#### Action item
Return the lines of the data below starting at the one holding "Kindness Is Gangster" and ending at the one holding "This was my", word for word, leaving every picture out.

#### Task material
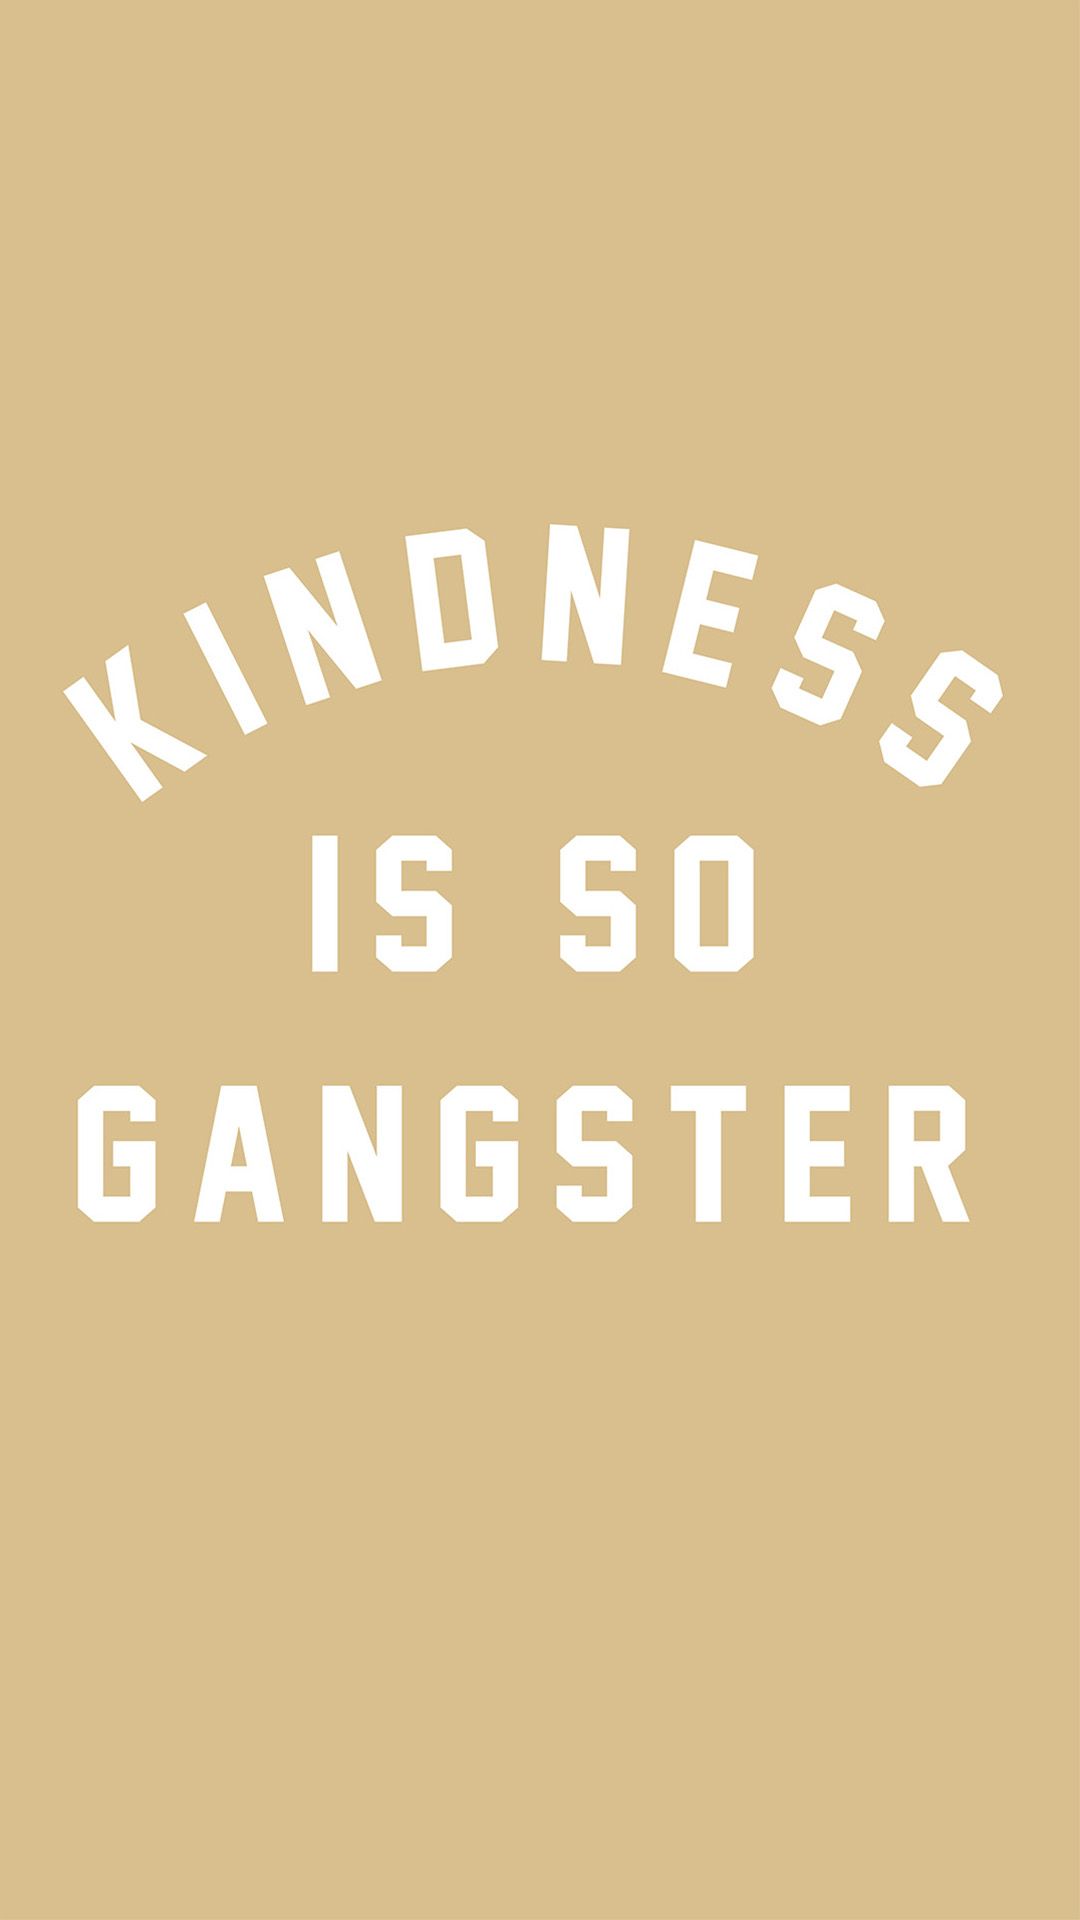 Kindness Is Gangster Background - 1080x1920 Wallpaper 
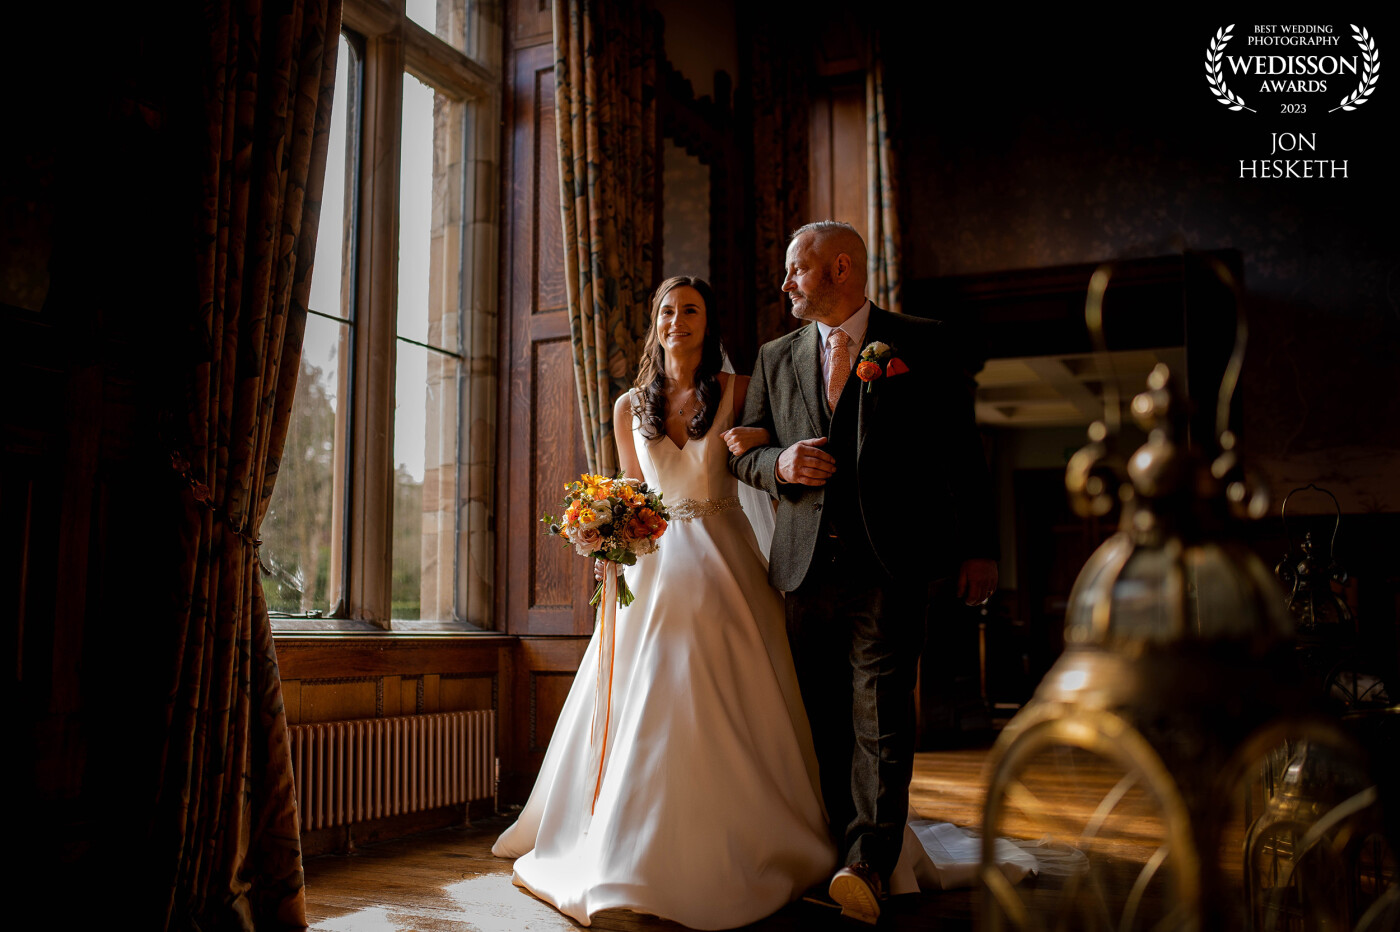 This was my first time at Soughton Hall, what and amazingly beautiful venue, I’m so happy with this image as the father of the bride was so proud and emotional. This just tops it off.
==
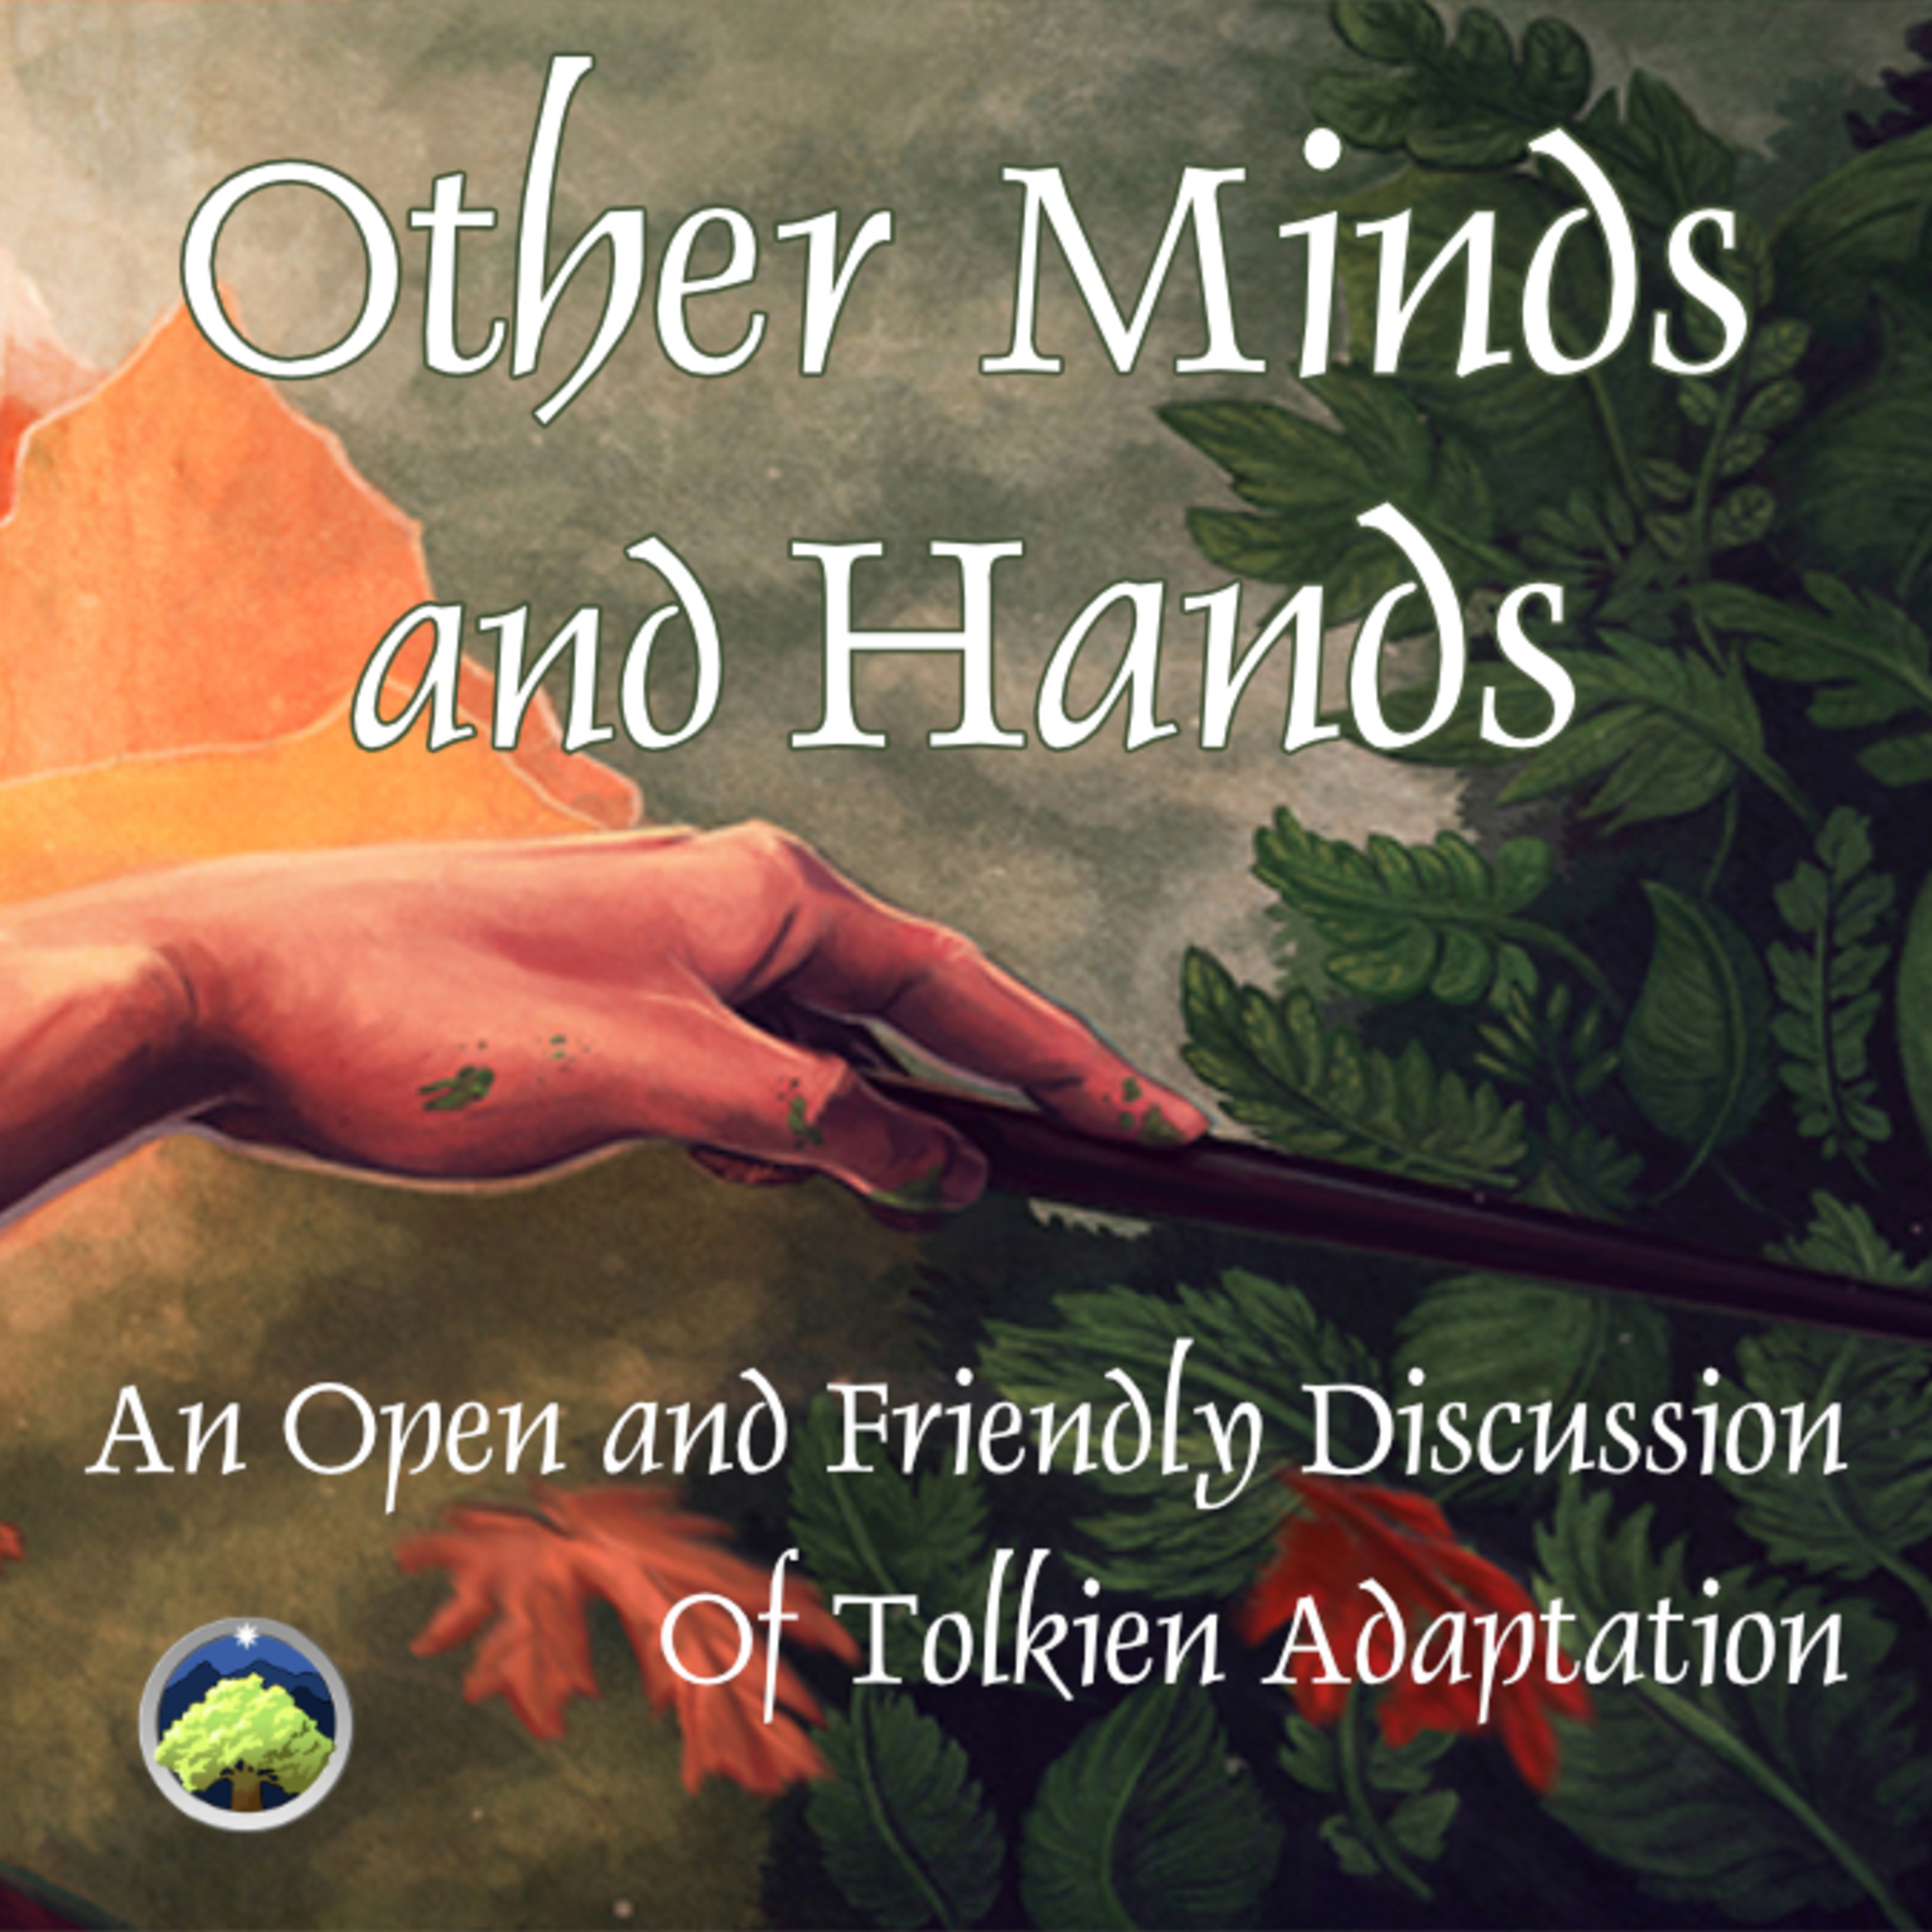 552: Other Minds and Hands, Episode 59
...
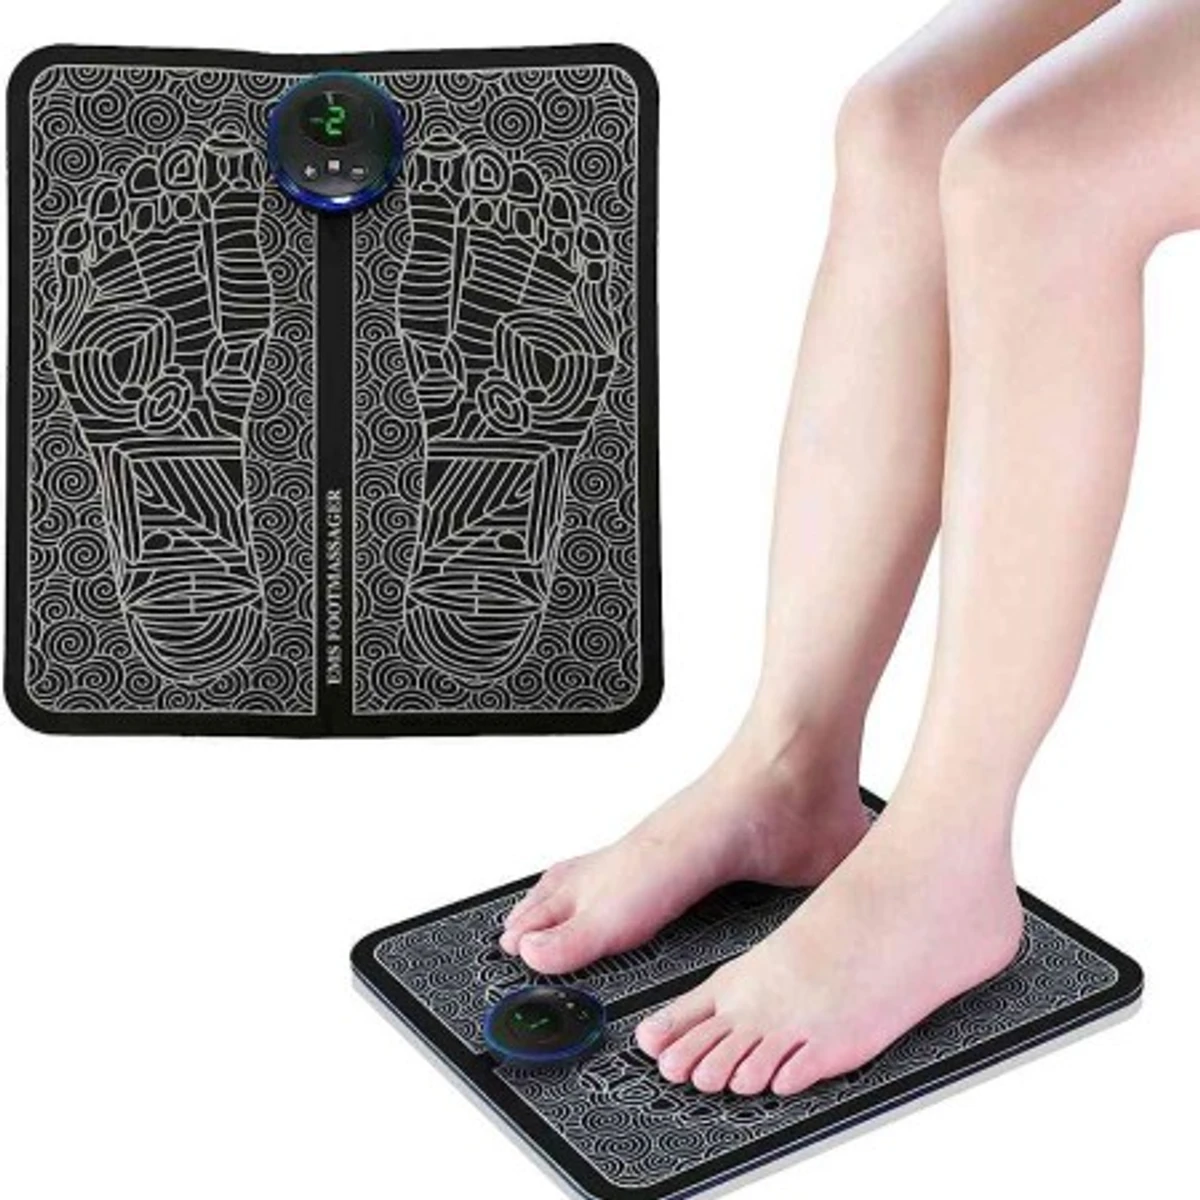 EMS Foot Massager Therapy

#### Response to the task
 Kindness Is Gangster Background - 1080x1920 Wallpaper 
 This was my first time at Soughton Hall, what and amazingly beautiful venue, I’m so happy with this image as the father of the bride was so proud and emotional. This just tops it off.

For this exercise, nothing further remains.